■ WHAT YOU WILL DO: Please print the listing that follows word for word, but skip any pictures it holds.

=== INFORMATION SHOWN ===

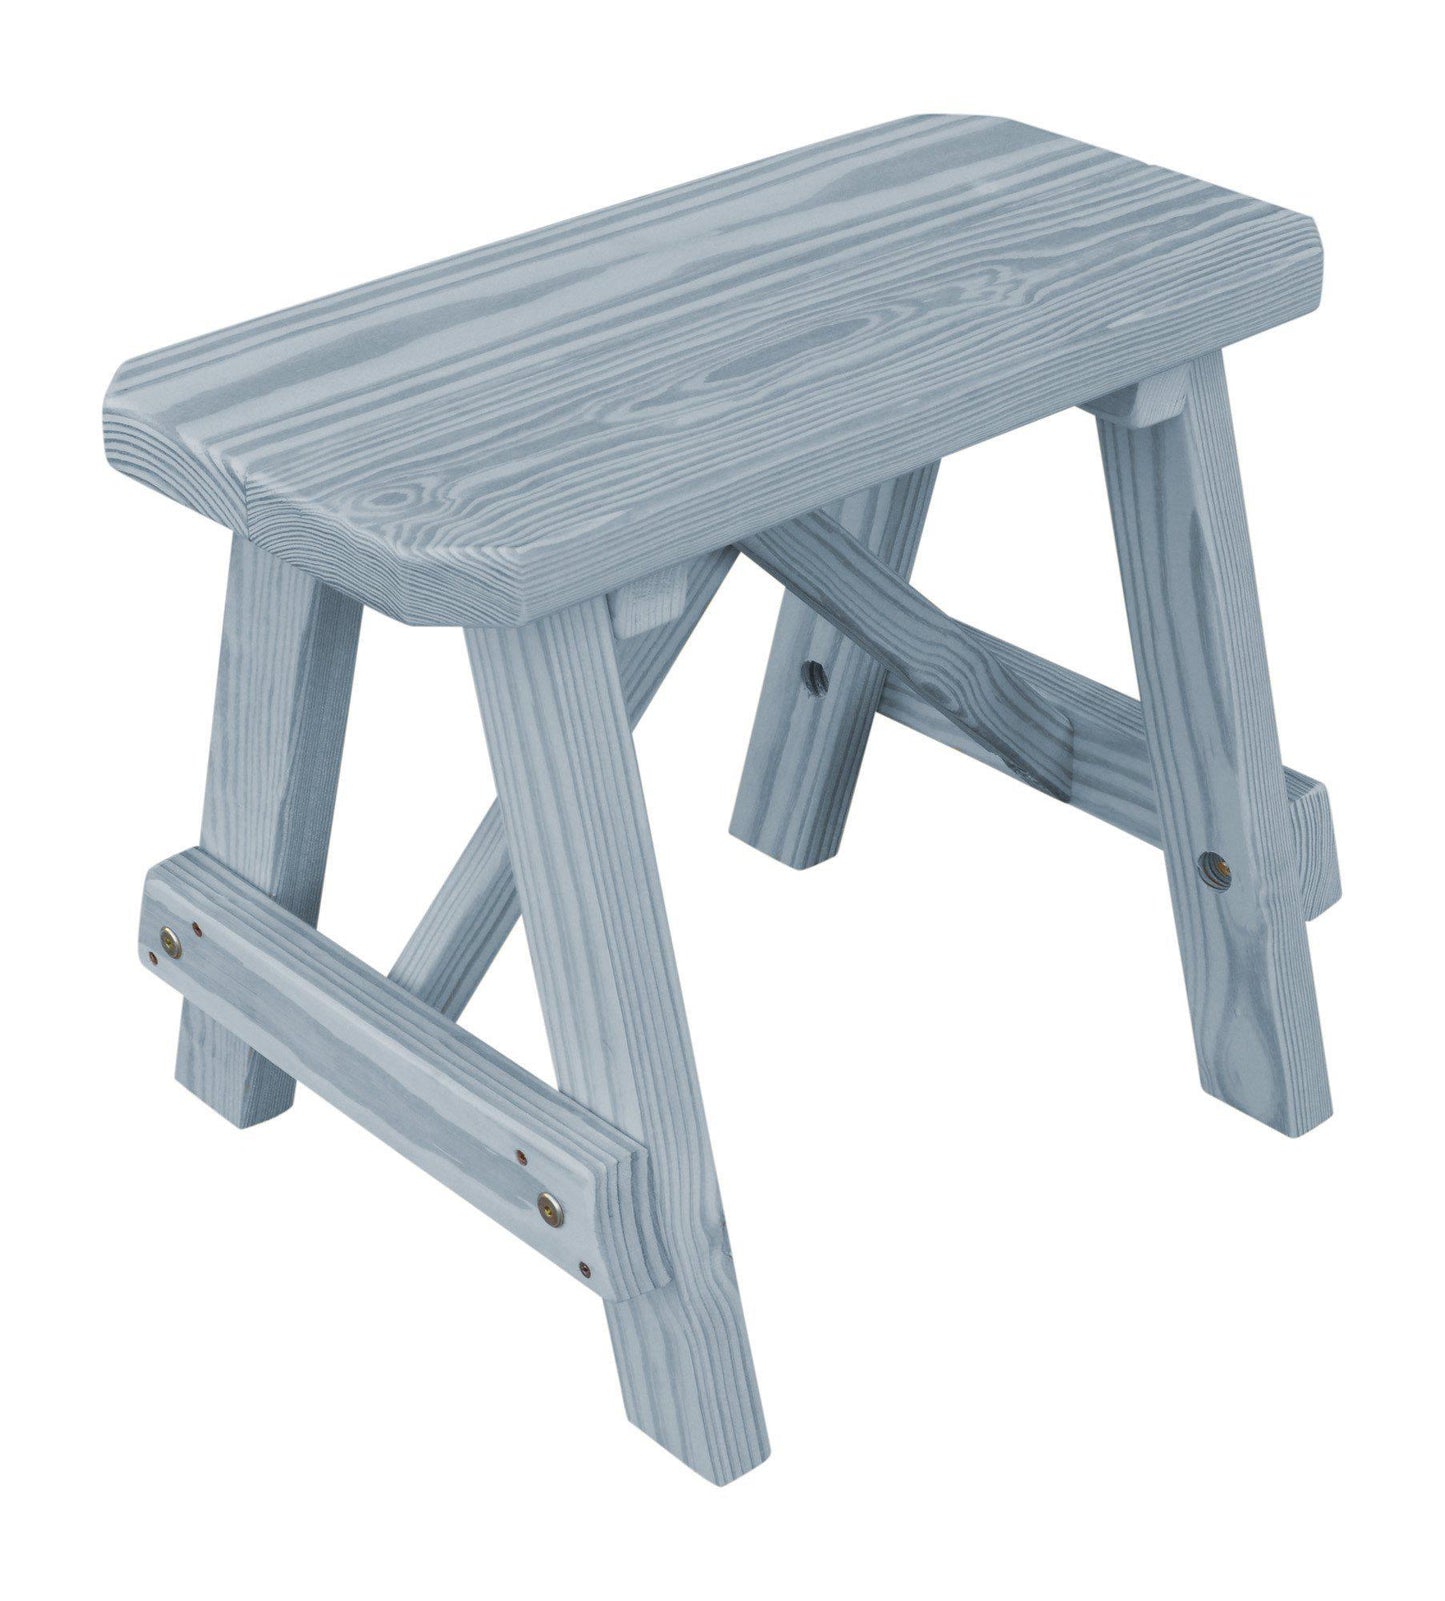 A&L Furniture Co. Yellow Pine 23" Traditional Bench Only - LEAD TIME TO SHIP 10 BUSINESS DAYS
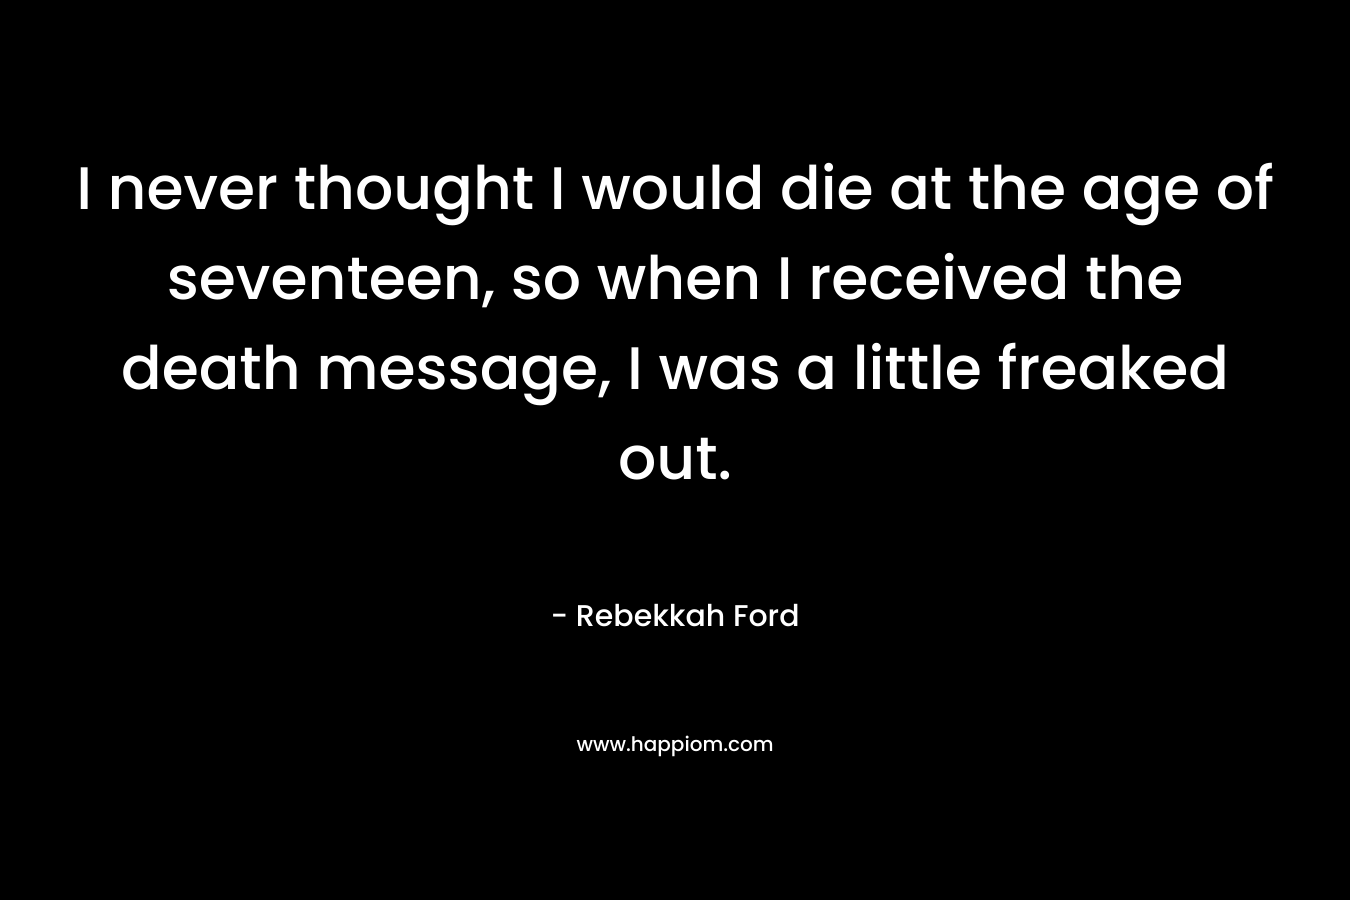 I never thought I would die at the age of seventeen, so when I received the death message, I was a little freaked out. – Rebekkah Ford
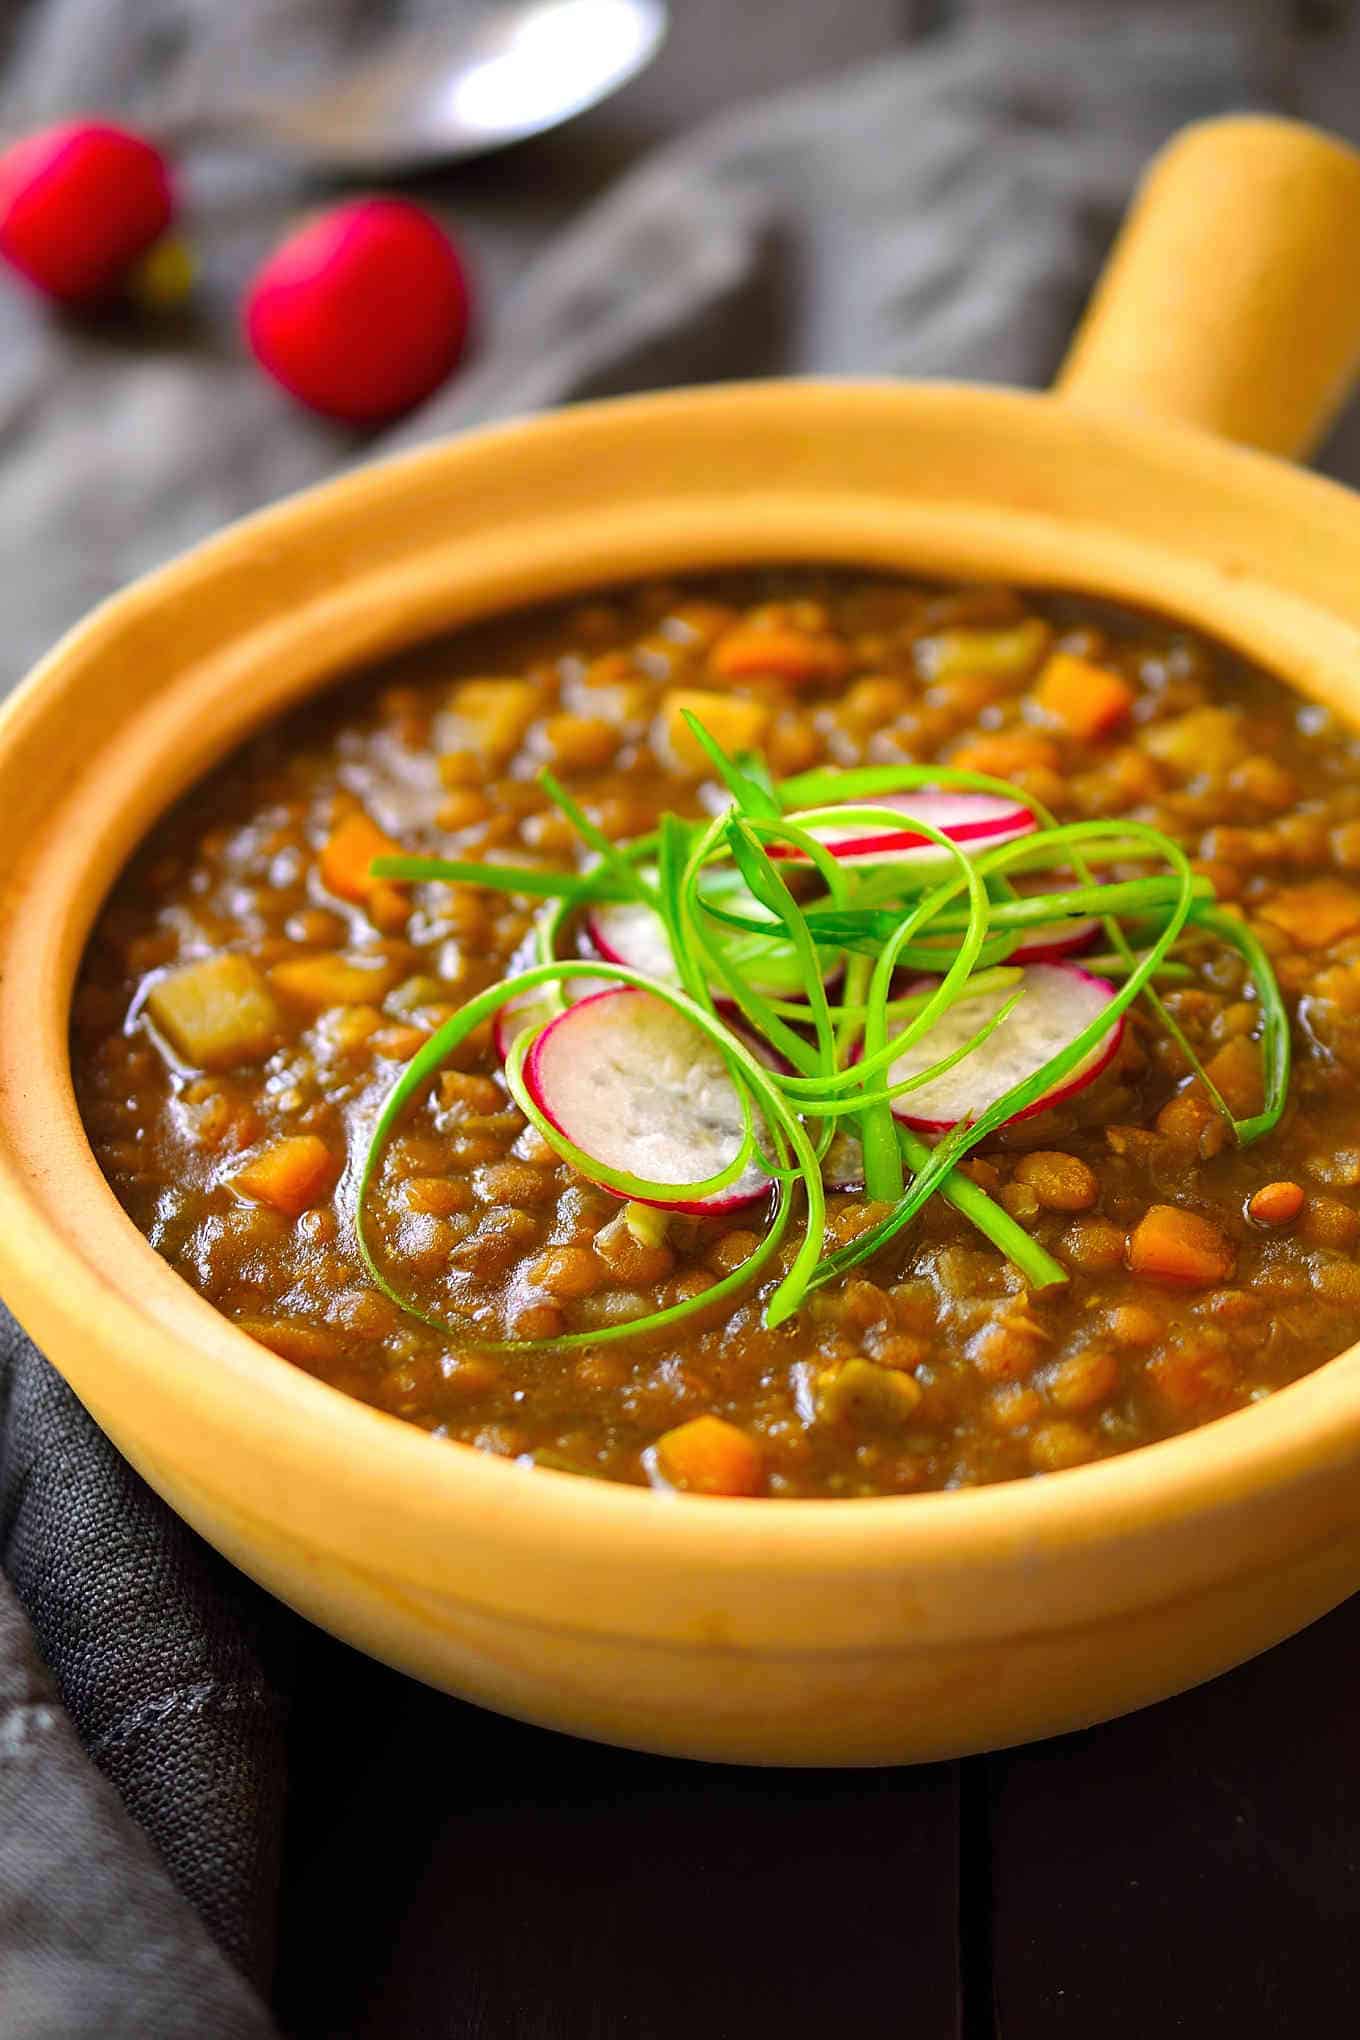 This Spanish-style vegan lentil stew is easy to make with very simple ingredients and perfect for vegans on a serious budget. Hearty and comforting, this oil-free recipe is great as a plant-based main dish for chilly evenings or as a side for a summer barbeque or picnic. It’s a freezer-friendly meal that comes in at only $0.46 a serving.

===

■ ANSWER SPACE:
 A&L Furniture Co. Yellow Pine 23" Traditional Bench Only - LEAD TIME TO SHIP 10 BUSINESS DAYS
 I never thought I would die at the age of seventeen, so when I received the death message, I was a little freaked out. – Rebekkah Ford
 This Spanish-style vegan lentil stew is easy to make with very simple ingredients and perfect for vegans on a serious budget. Hearty and comforting, this oil-free recipe is great as a plant-based main dish for chilly evenings or as a side for a summer barbeque or picnic. It’s a freezer-friendly meal that comes in at only $0.46 a serving.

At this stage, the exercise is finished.